David Price's complete game shuts down Baltimore's offense

BOSTON -- One strike away from a four-hit shutout, David Price happily settled for a complete game and his strongest outing of the season.

Price struck out eight and held Baltimore to five hits, including two in the ninth when the Orioles broke up the shutout before the Boston left-hander finished them off in a 6-2 victory for the Red Sox on Thursday night.

"He was amazing," Boston manager Alex Cora said. "He was outstanding. You saw it. Bad swings, up, down, in and out, changeup, cutter, sinkers ... that was fun to watch."

J.D. Martinez hit a two-run homer in the first, and Xander Bogaerts homered with two on during a four-run fifth, giving Price more than enough cushion against the struggling Orioles.
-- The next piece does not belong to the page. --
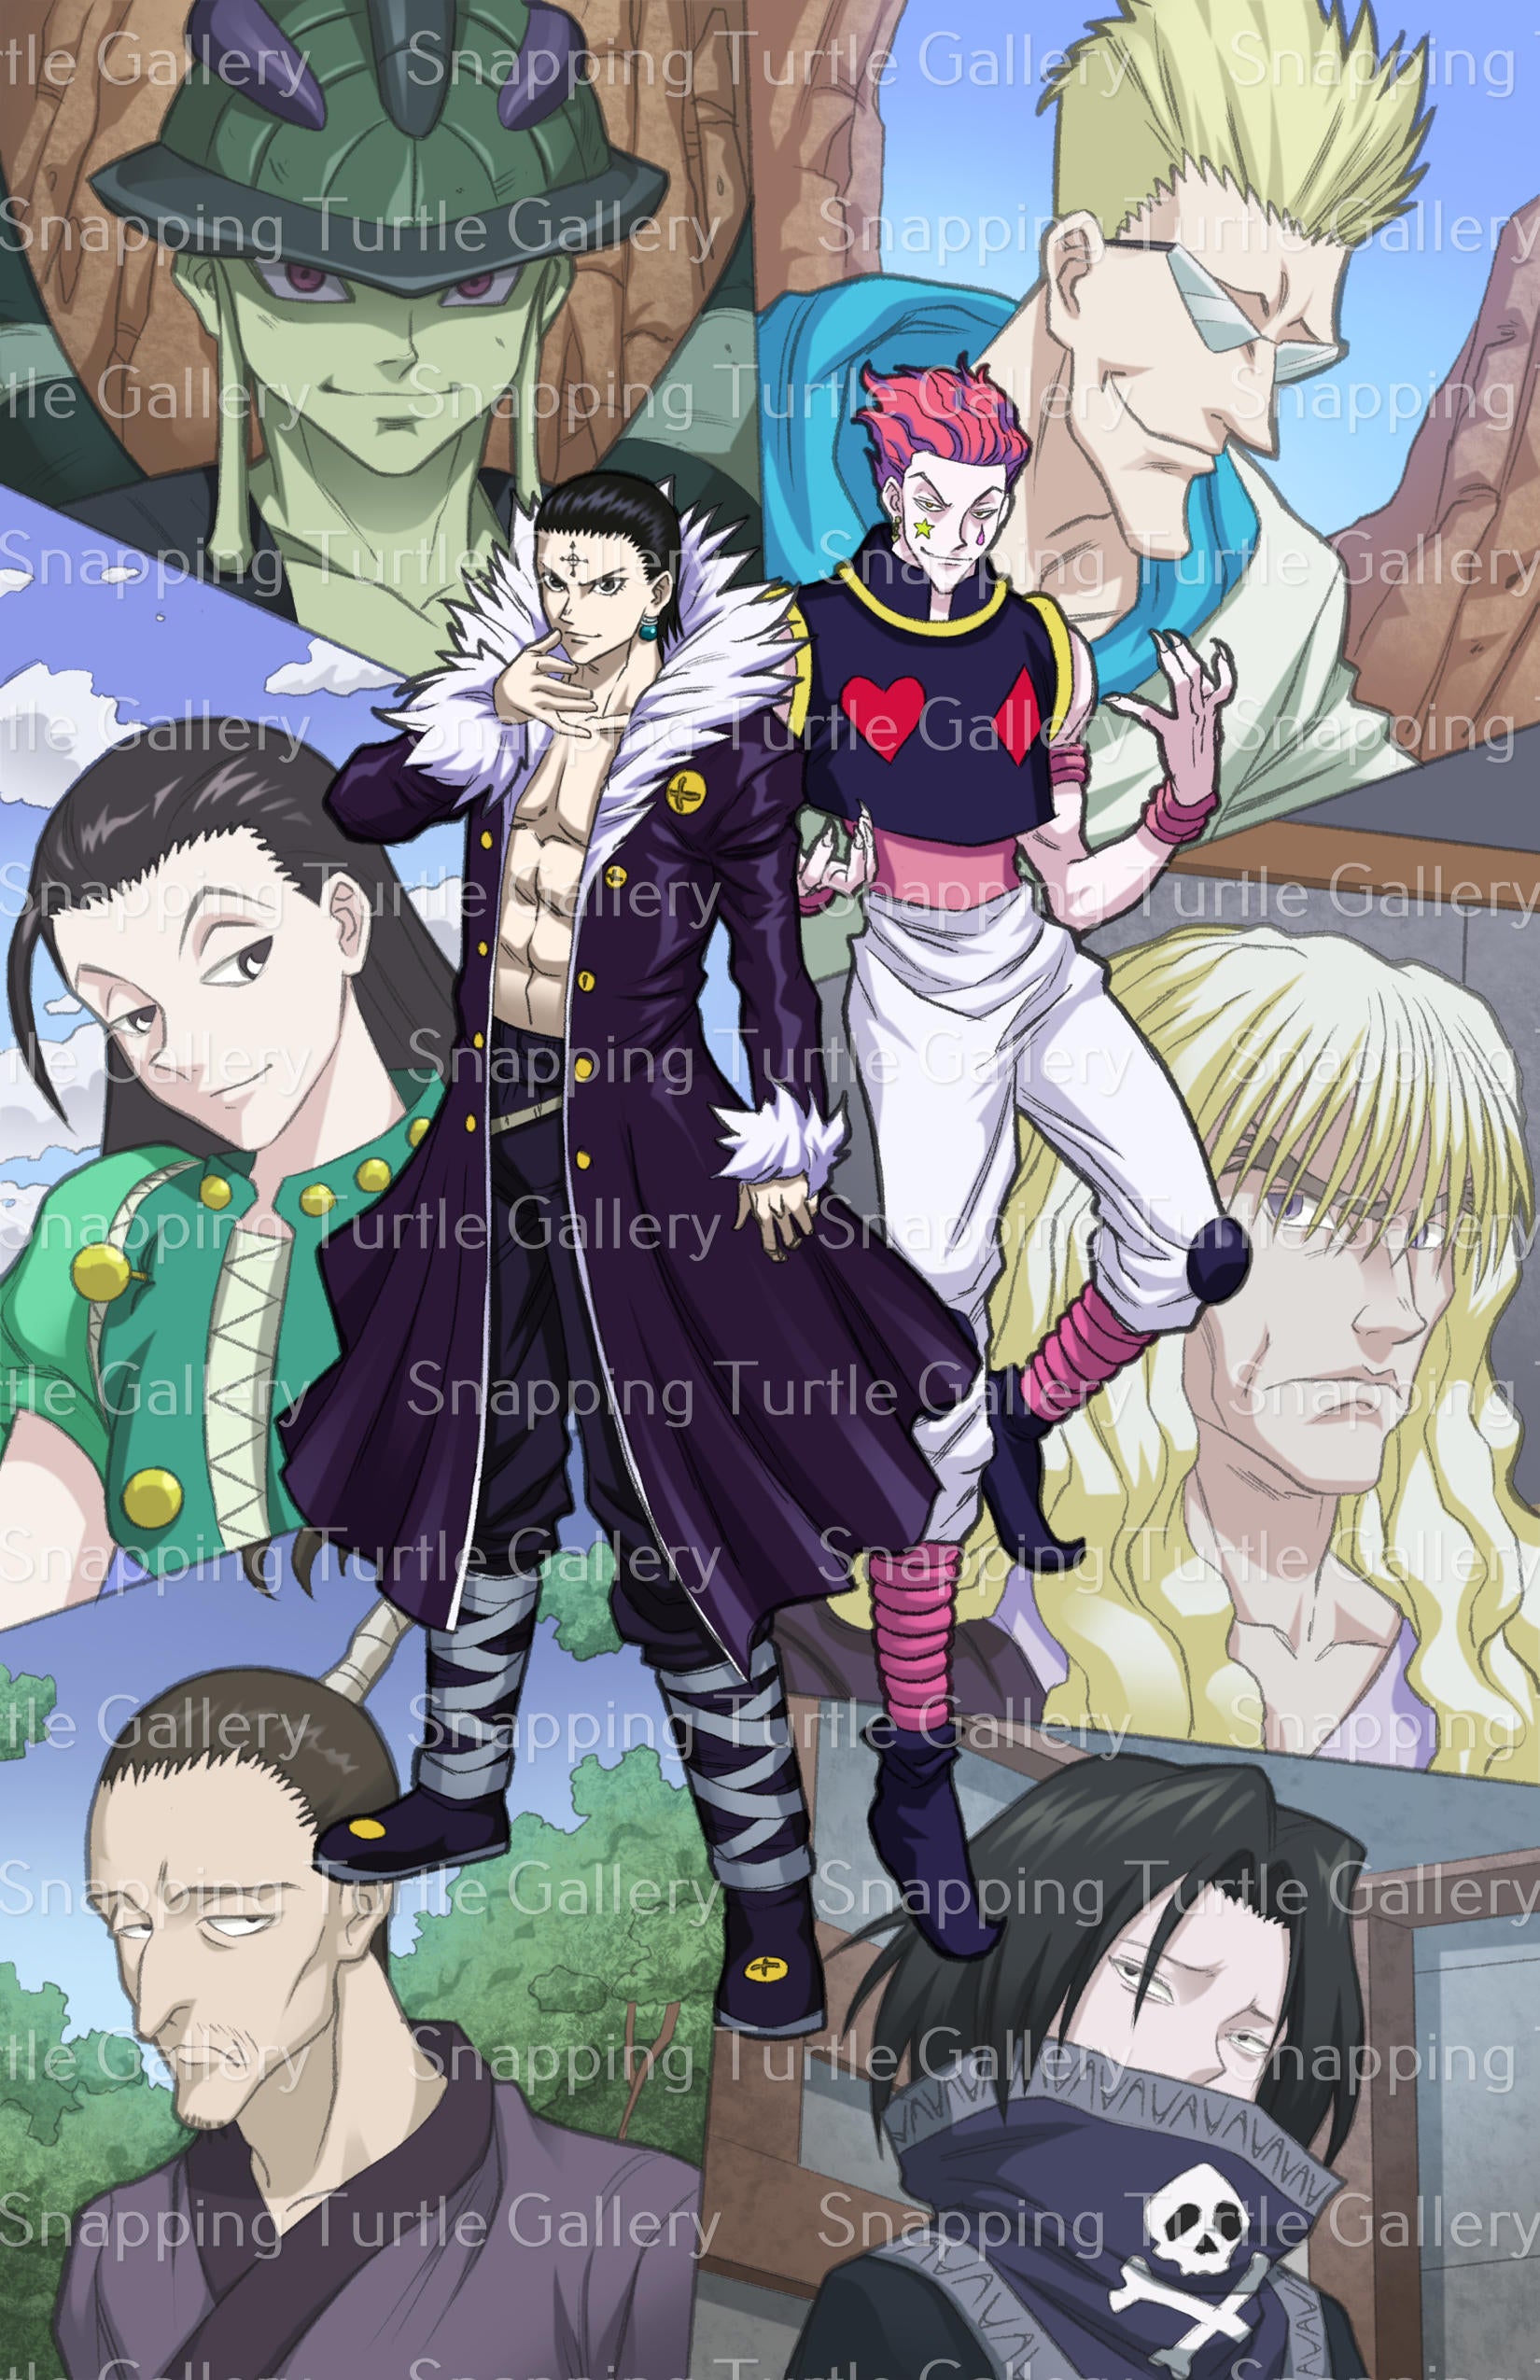 Super Villains of Hunter X Hunter - Snapping Turtle Gallery

Price (4-4) struck out eight and didn't walk a batter while winning consecutive starts for the first time this season. He cruised through the first eight innings before Andrew Susac led off the ninth with a double, the first Baltimore player to reach second base in the game.

Manny Machado spoiled the shutout bid with a two-out homer, but Price finished off Baltimore on Jonathan Schoop's pop-up to center as the Red Sox improved to 4-0 against Baltimore by taking the makeup game that was rained out on Patriots' Day.

"They're a free-swinging team," said Price, who threw just 95 pitches. "You can go out there and do that or you can go out there for three innings and give up a bunch of runs."

Danny Valencia had a pair of hits for the punchless Orioles, who have lost three of four and have the second-fewest wins in the American League. Valencia nearly had a double in the fifth, but got thrown out at second by left fielder Andrew Benintendi, one of several strong defensive plays that helped Price go the distance.

Hanley Ramirez also caught a foul pop on the top step of Boston's dugout in the second and Mookie Betts ran down a fly ball that was headed to the wall in right.

"The defensive plays that I had today, it makes everything a lot easier," Price said.

Kevin Gausman (3-3) went 4 2/3 innings for Baltimore, allowing six runs and eight hits while striking out six and walking two. He was pulled after Bogaerts drove a high fastball out to left with two men on during Boston's four-run fifth.

"We just got into some sticky situations where we just had to dig ourselves out of a hole and we just couldn't," Susac said.

The Orioles also weren't happy with the strike zone, which Susac said forced Gausman to throw some pitches the Red Sox pounced upon.

Manager Buck Showalter agreed with his catcher.

"I'm very biased, but I didn't think he got a fair shake tonight," Showalter said. "There were a lot of pitches that could have and should have gone his way."